■ ACTIVITY: Pictures are to be left out; every line from the one that holds "Slc45a2 peptides for immunotherapy" to the end of the data is to be retyped exactly.

■ PROVIDED DATA:
= = = = =
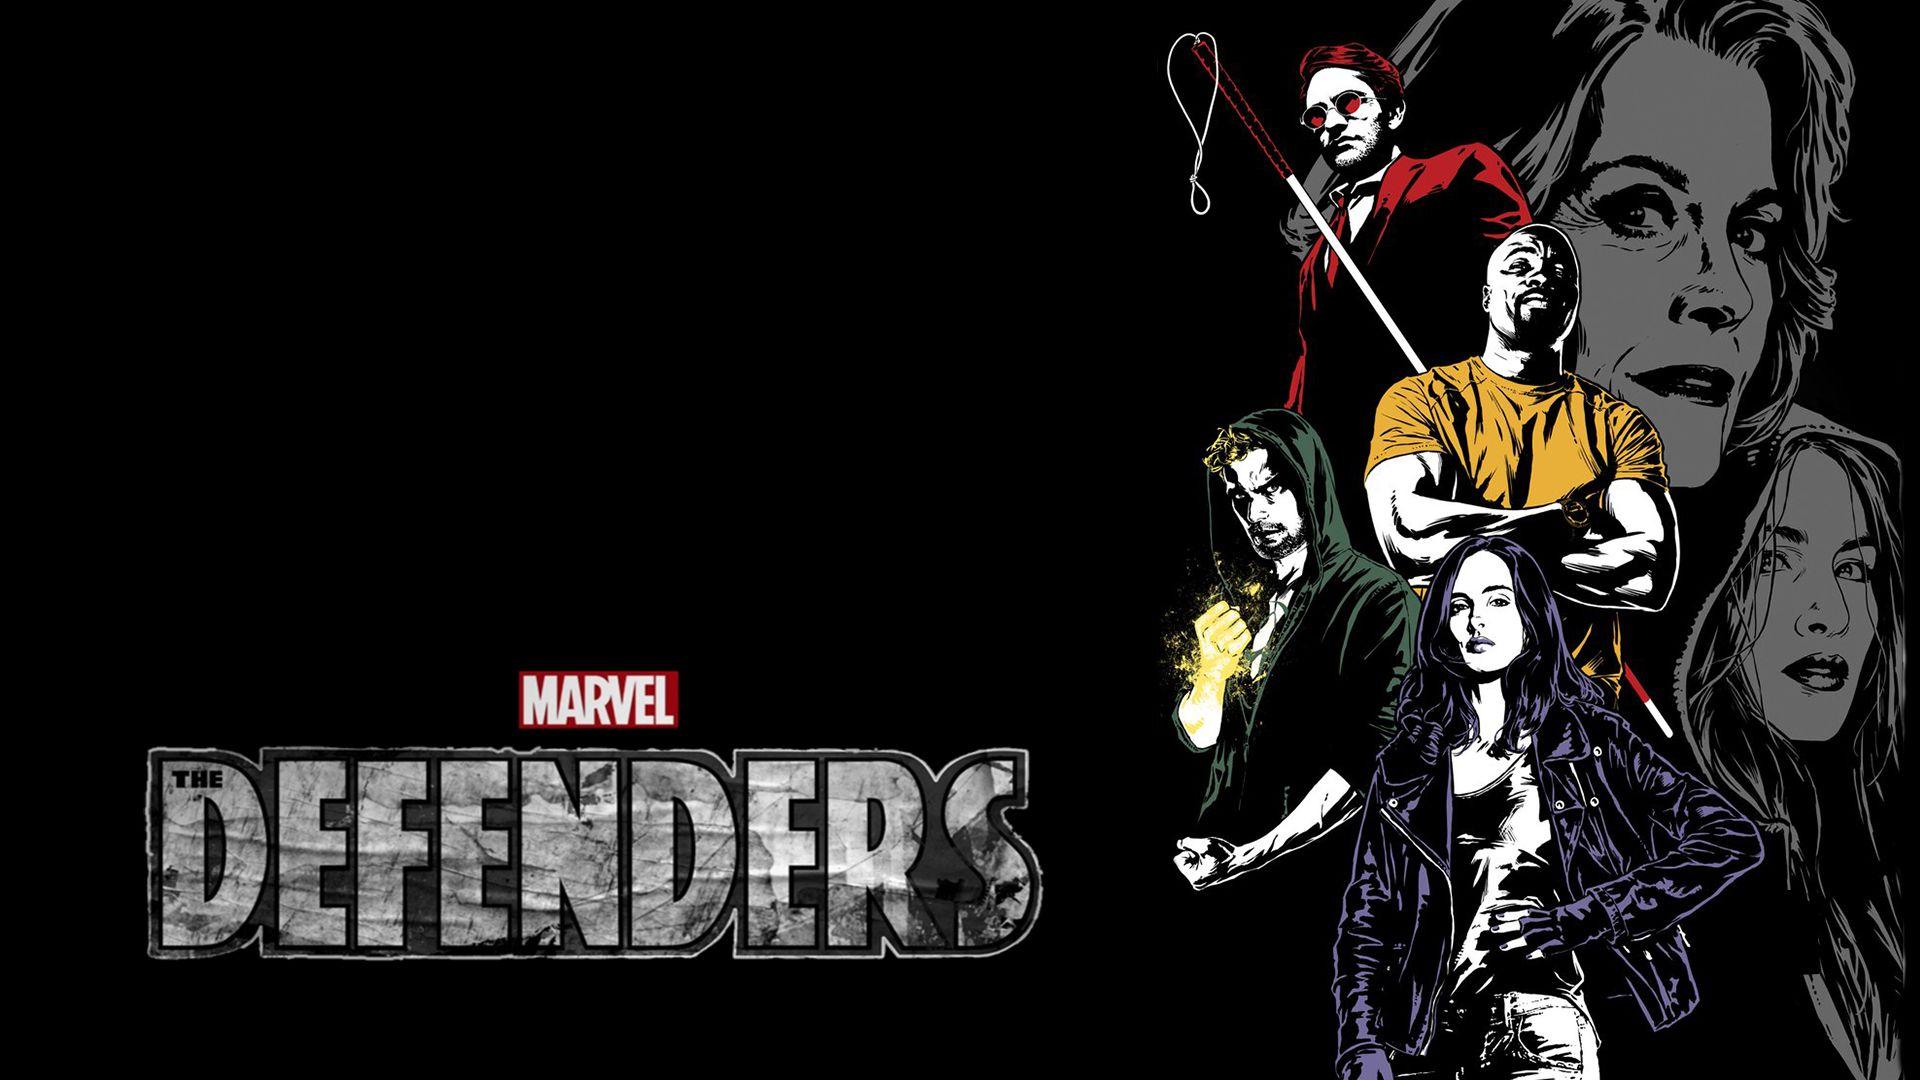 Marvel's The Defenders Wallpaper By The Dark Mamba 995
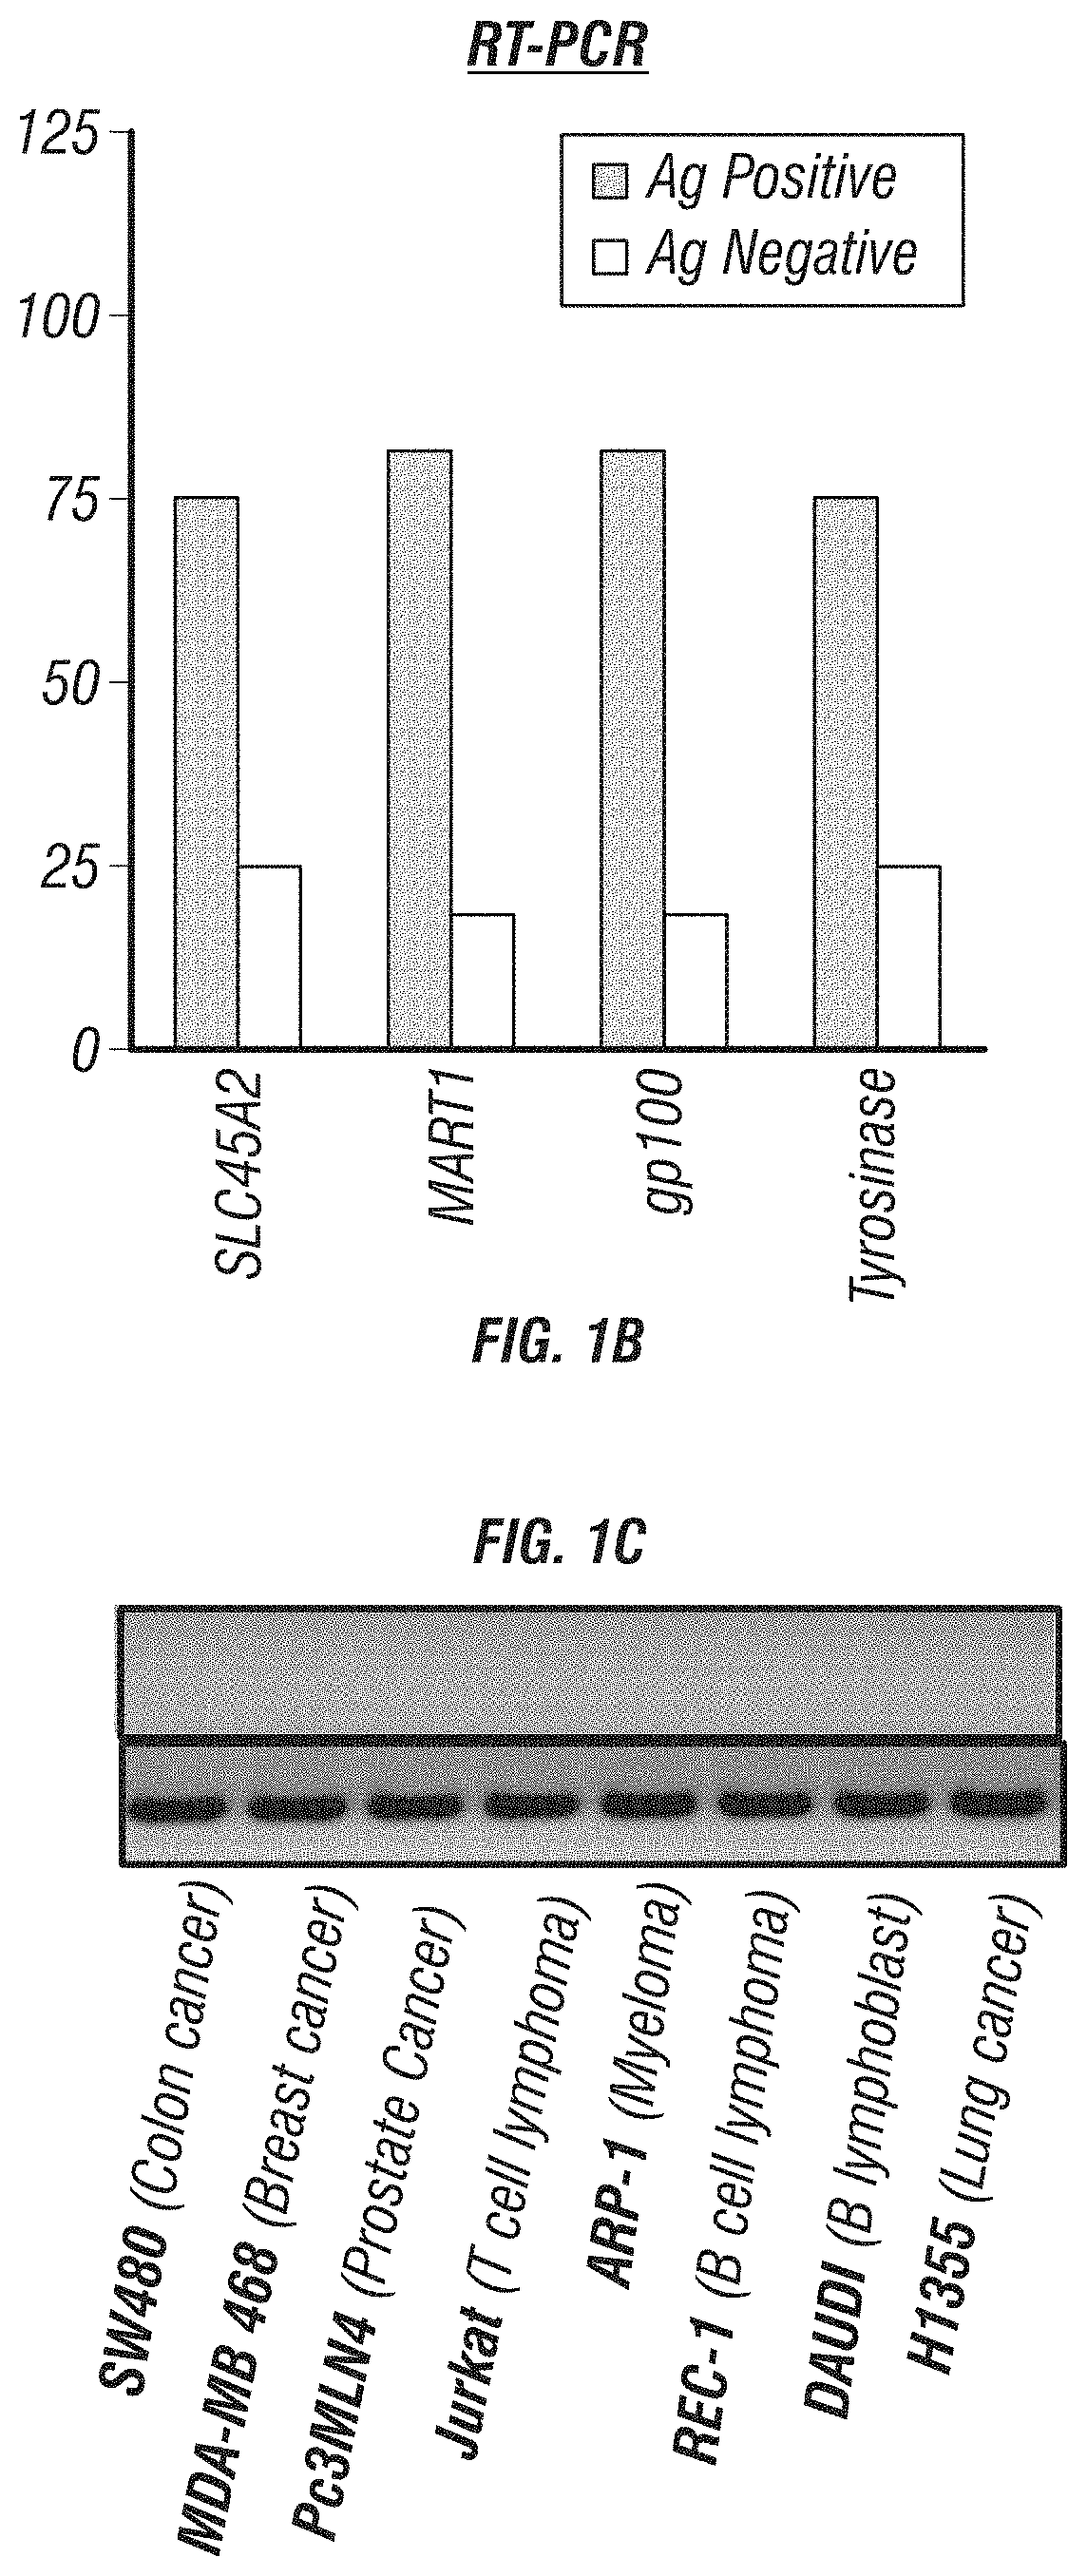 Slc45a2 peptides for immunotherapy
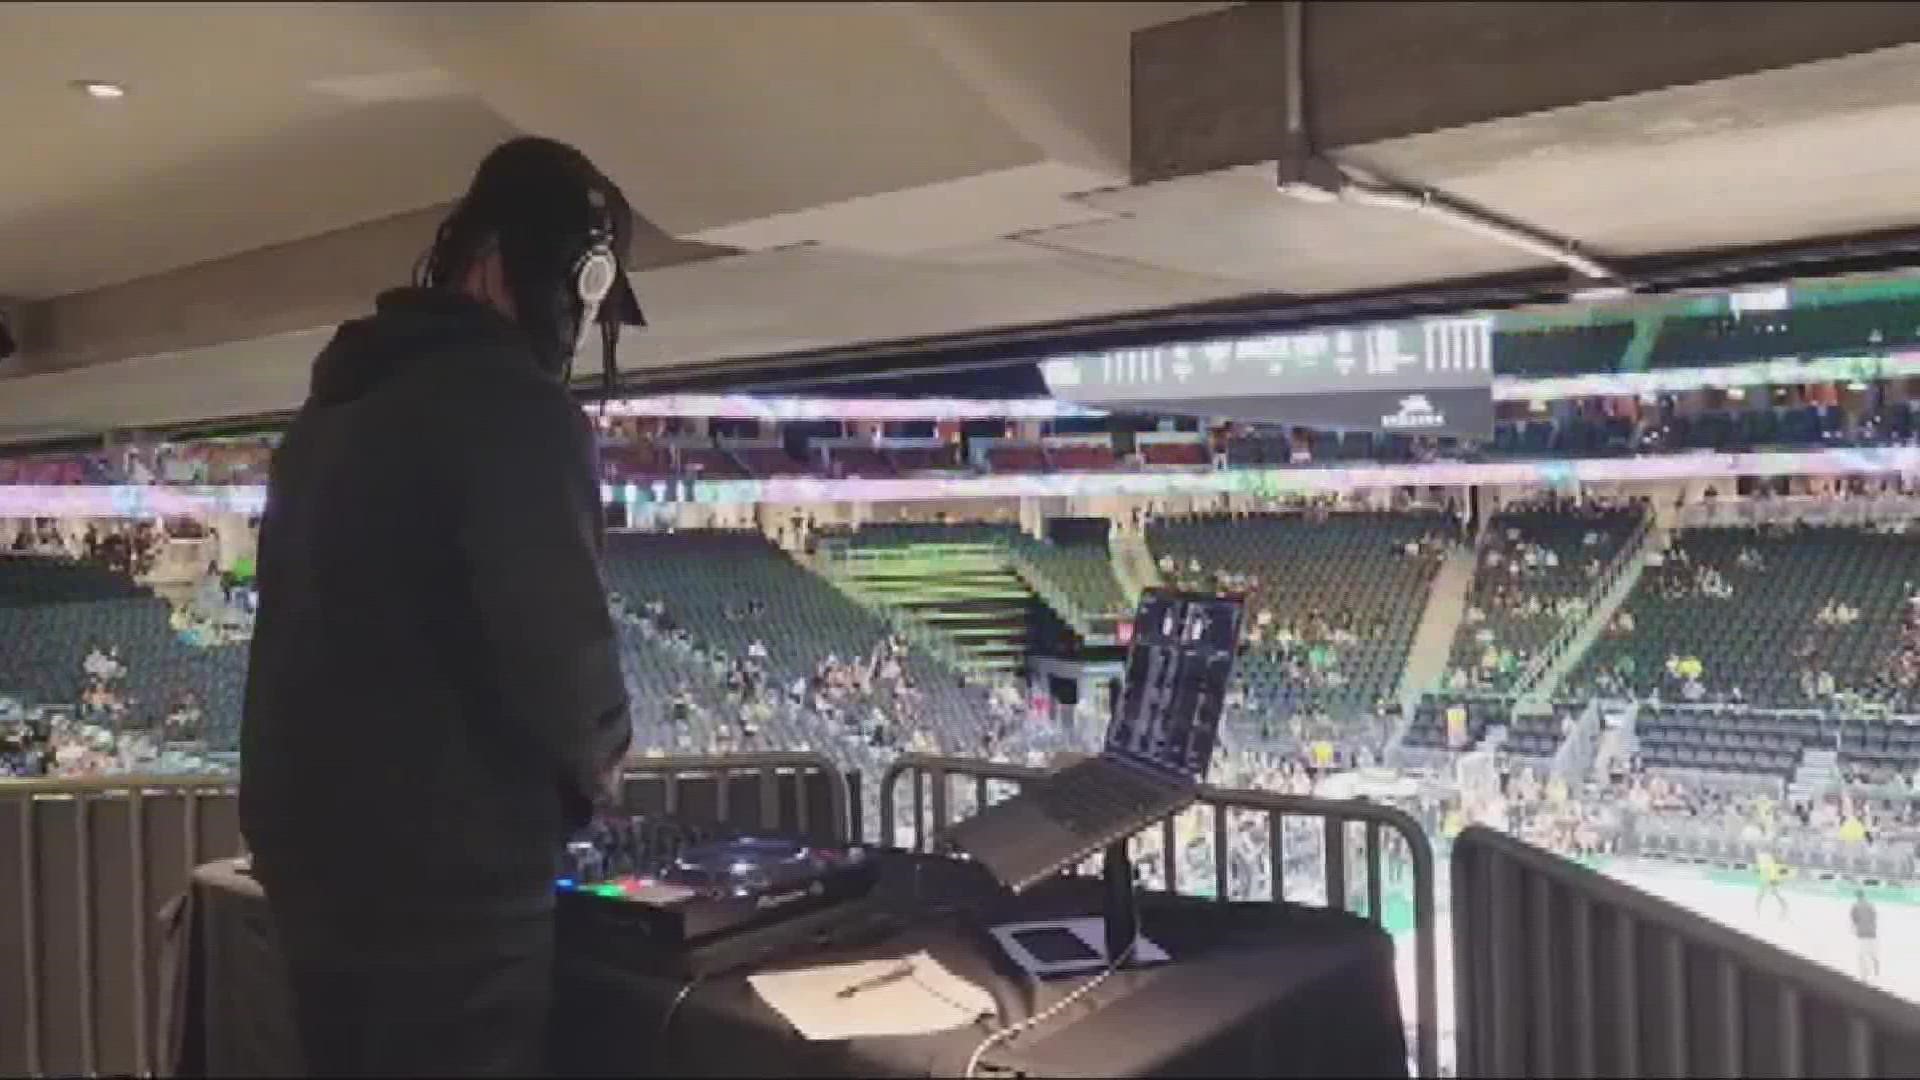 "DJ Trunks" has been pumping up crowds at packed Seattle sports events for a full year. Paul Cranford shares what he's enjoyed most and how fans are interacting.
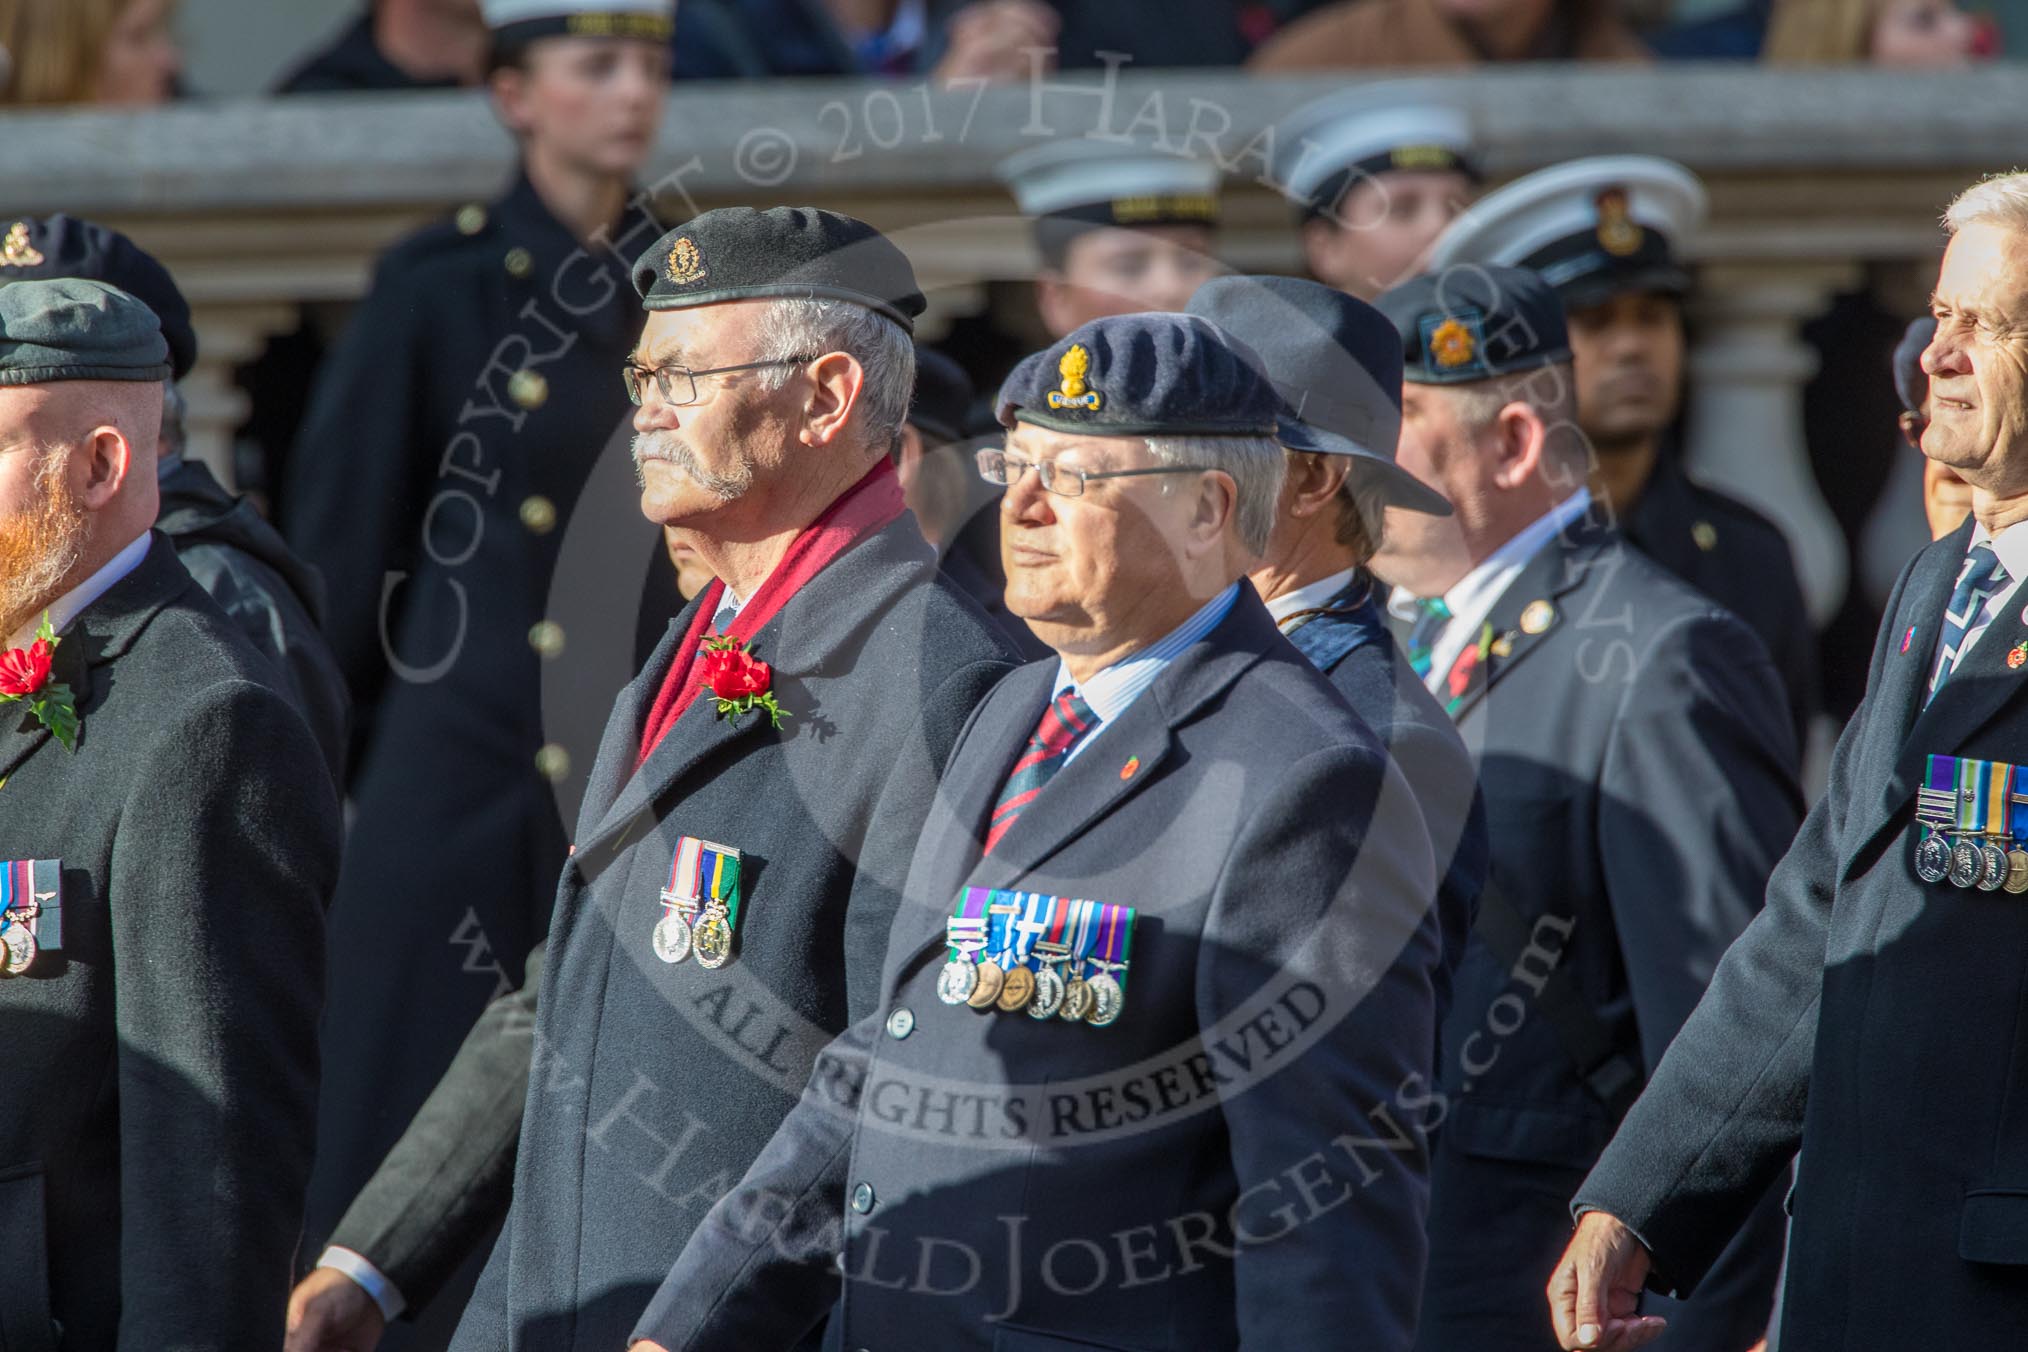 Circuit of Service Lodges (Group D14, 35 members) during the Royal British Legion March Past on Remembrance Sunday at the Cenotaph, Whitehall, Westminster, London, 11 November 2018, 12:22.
= = = = =
■ RESPONSE FOR THIS EXERCISE:
 Slc45a2 peptides for immunotherapy
 "DJ Trunks" has been pumping up crowds at packed Seattle sports events for a full year. Paul Cranford shares what he's enjoyed most and how fans are interacting.
 Circuit of Service Lodges (Group D14, 35 members) during the Royal British Legion March Past on Remembrance Sunday at the Cenotaph, Whitehall, Westminster, London, 11 November 2018, 12:22.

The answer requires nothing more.